- [PROBLEM TO SOLVE] With the pictures left out, set down the line containing "Pear Cut Halo" and each line after it to the end of the material, exactly as written.

- [SOURCE DATA]
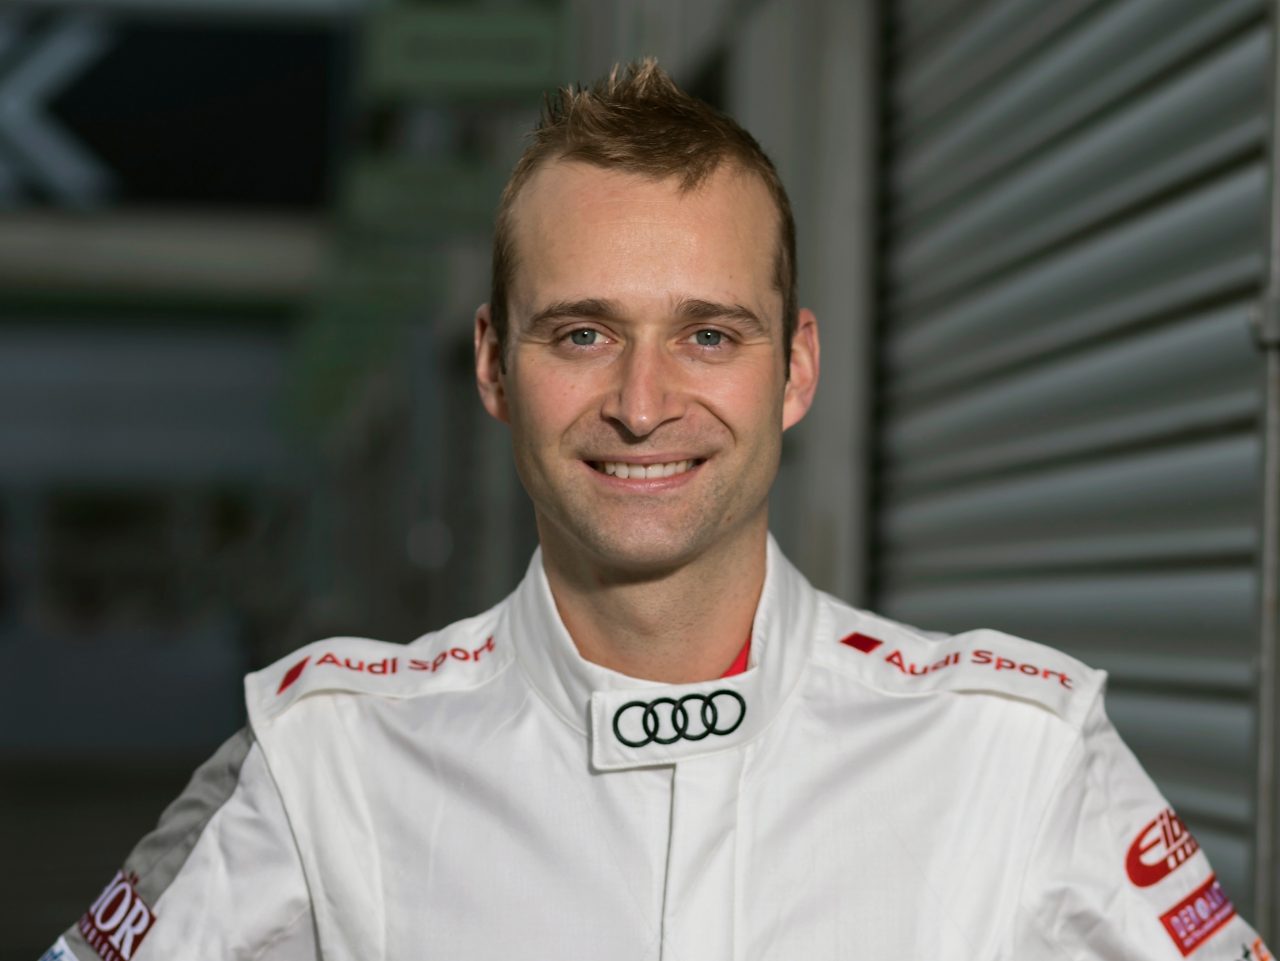 Der Audi Sport-Fahrer Christopher Haase 
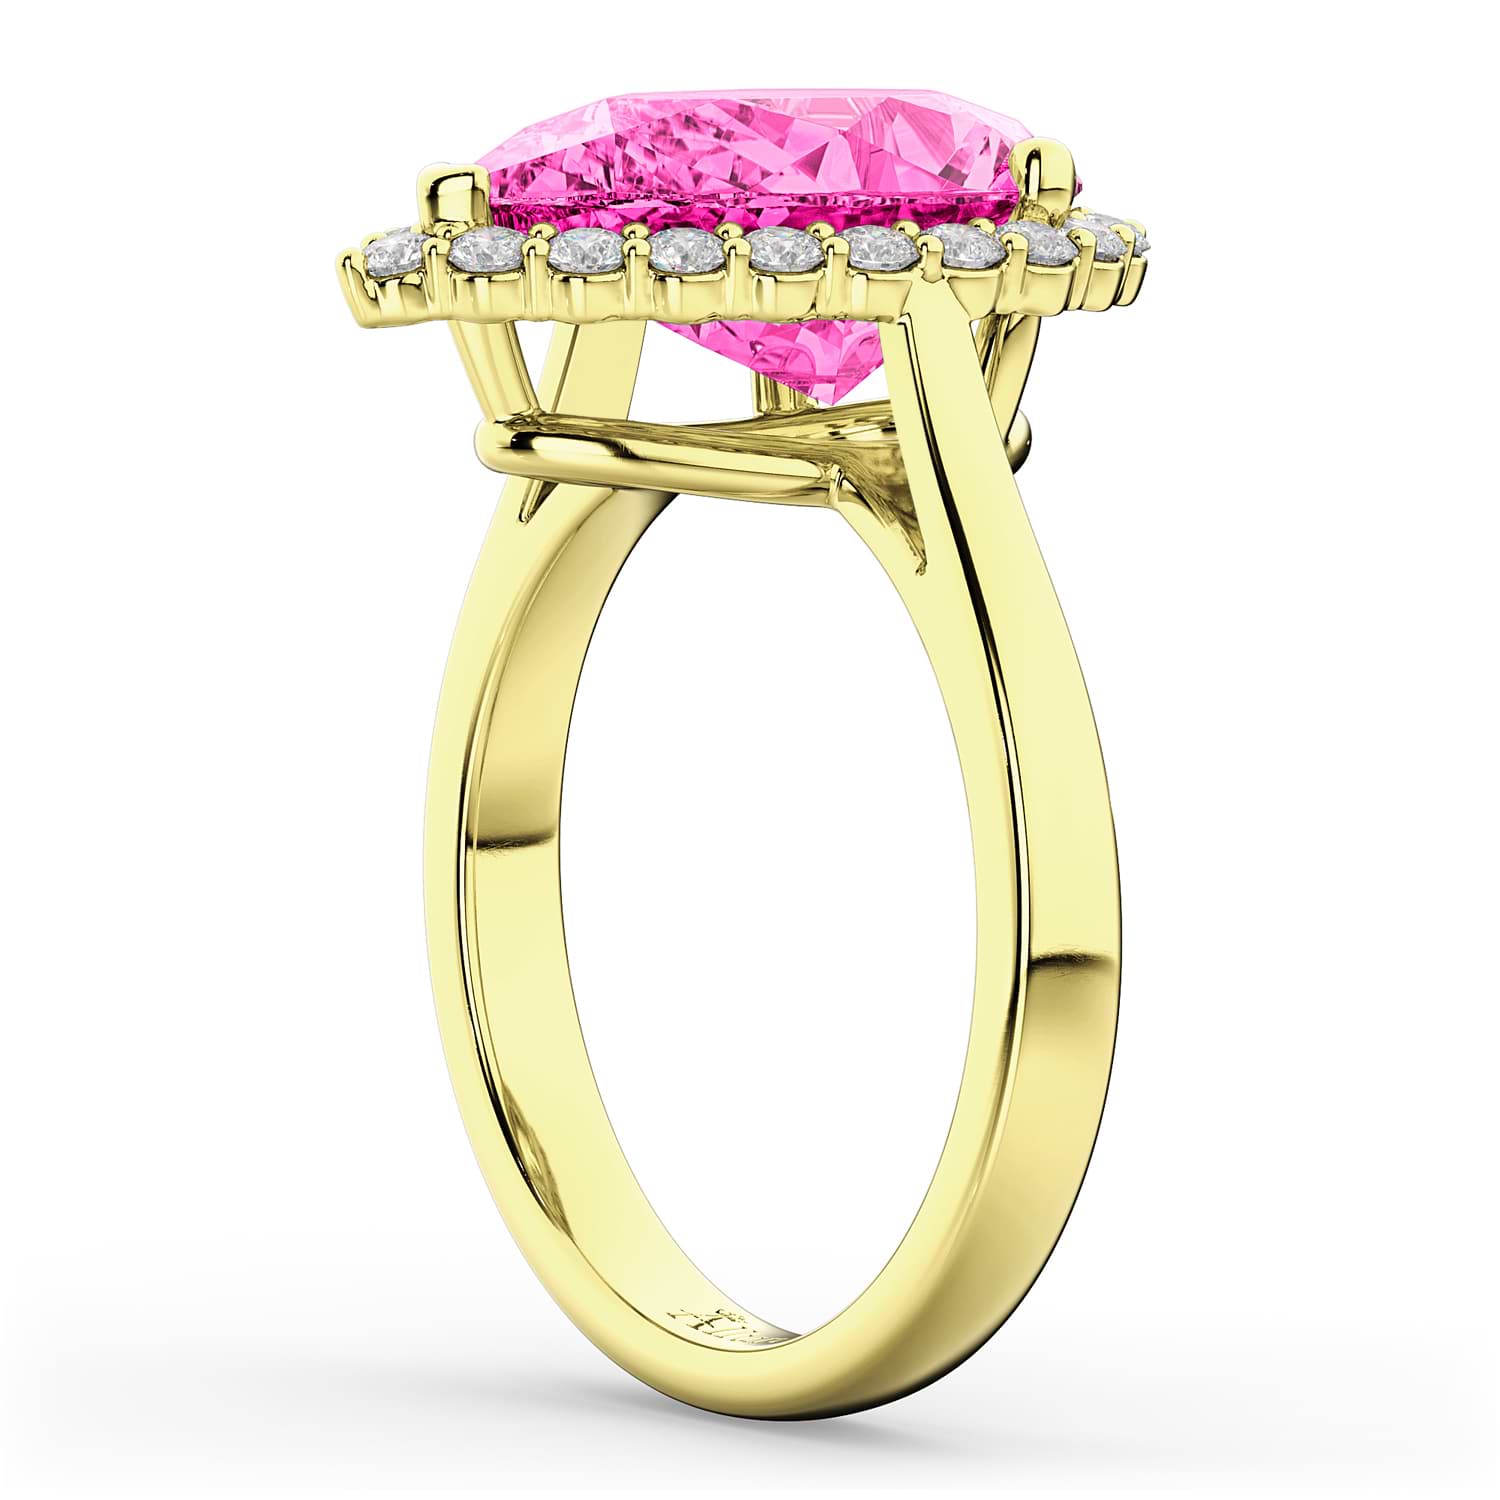 Pear Cut Halo Pink Tourmaline & Diamond Engagement Ring 14K Yellow Gold 7.19ct
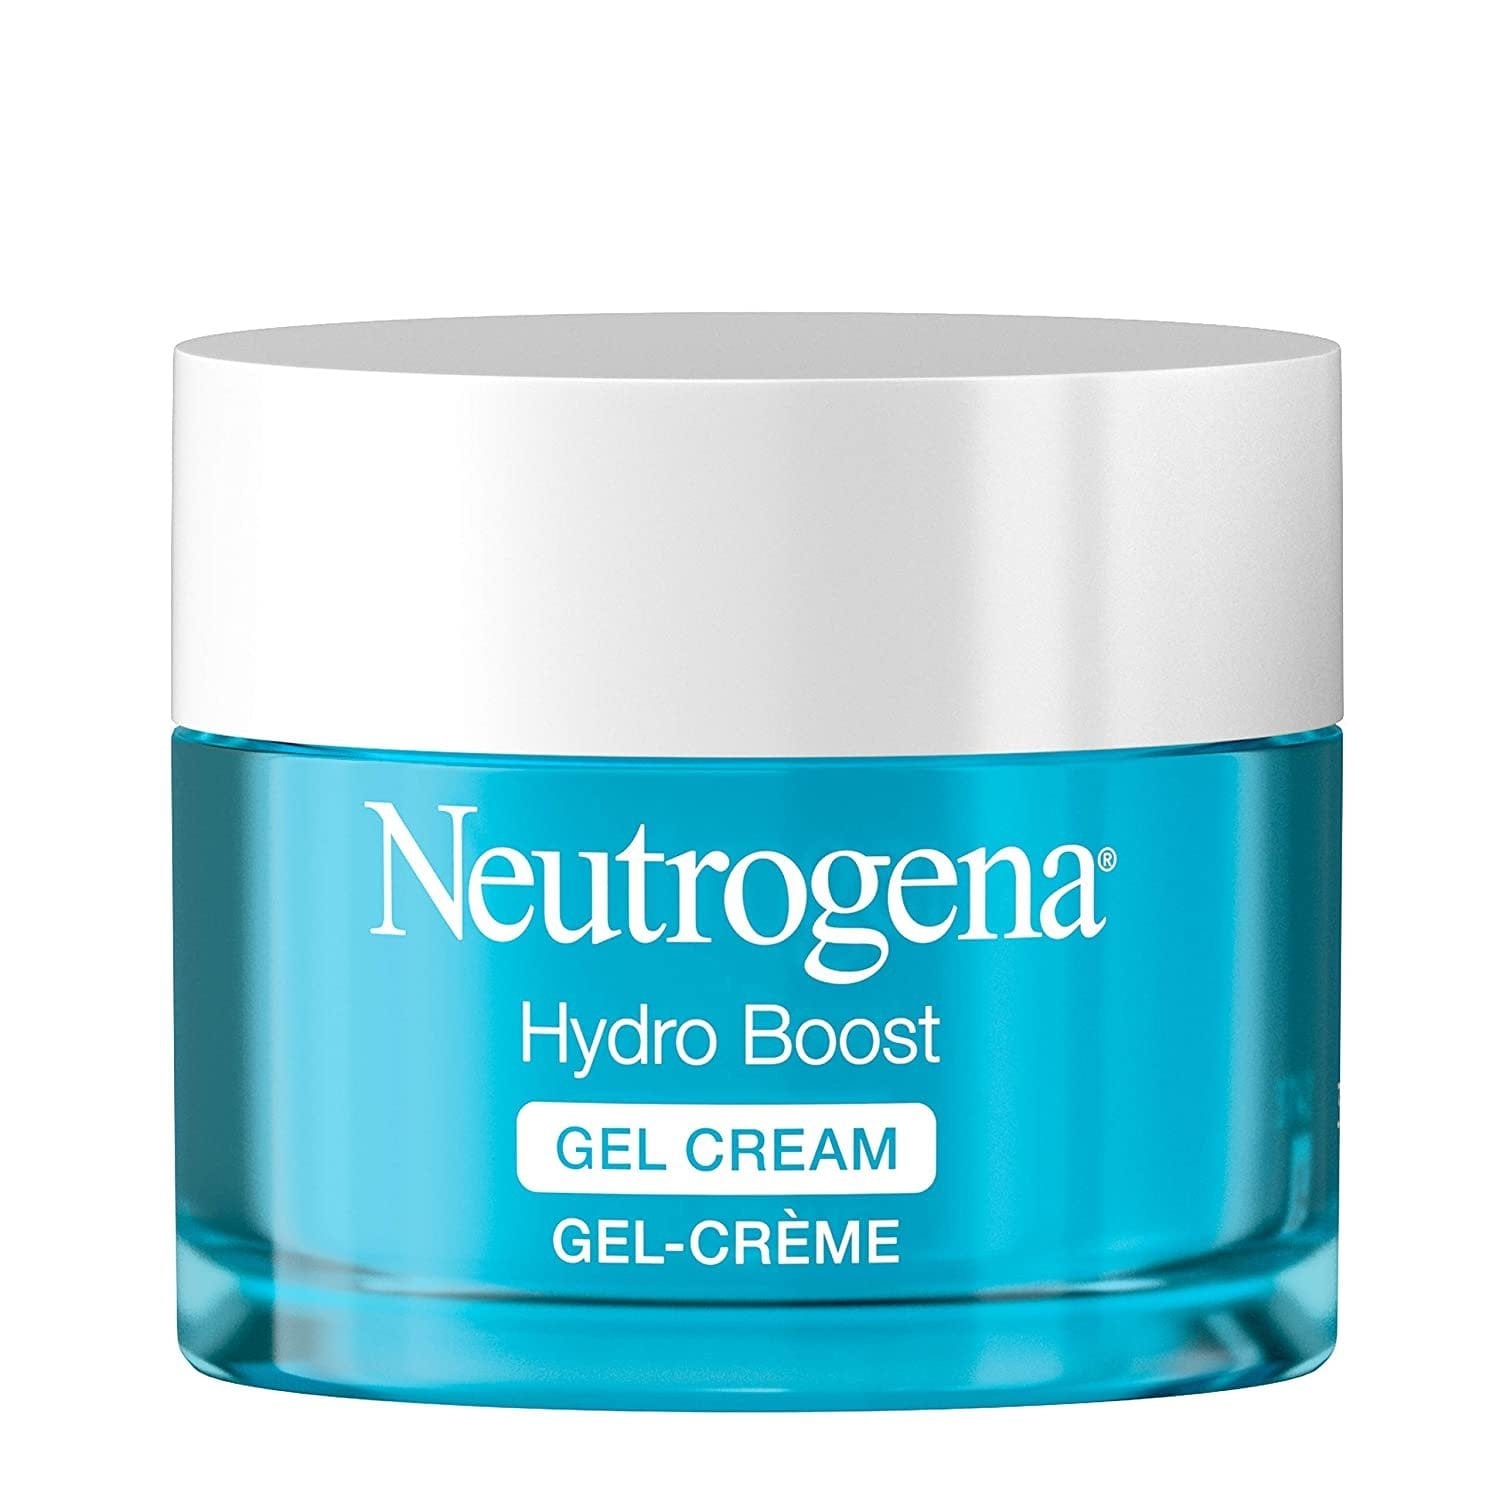 Neutrogena Health and Beauty Neutrogena Hydro Boost Gel Cream Moisturiser, 50 ml

- [YOUR SOLUTION]
 Pear Cut Halo Pink Tourmaline & Diamond Engagement Ring 14K Yellow Gold 7.19ct
 Neutrogena Health and Beauty Neutrogena Hydro Boost Gel Cream Moisturiser, 50 ml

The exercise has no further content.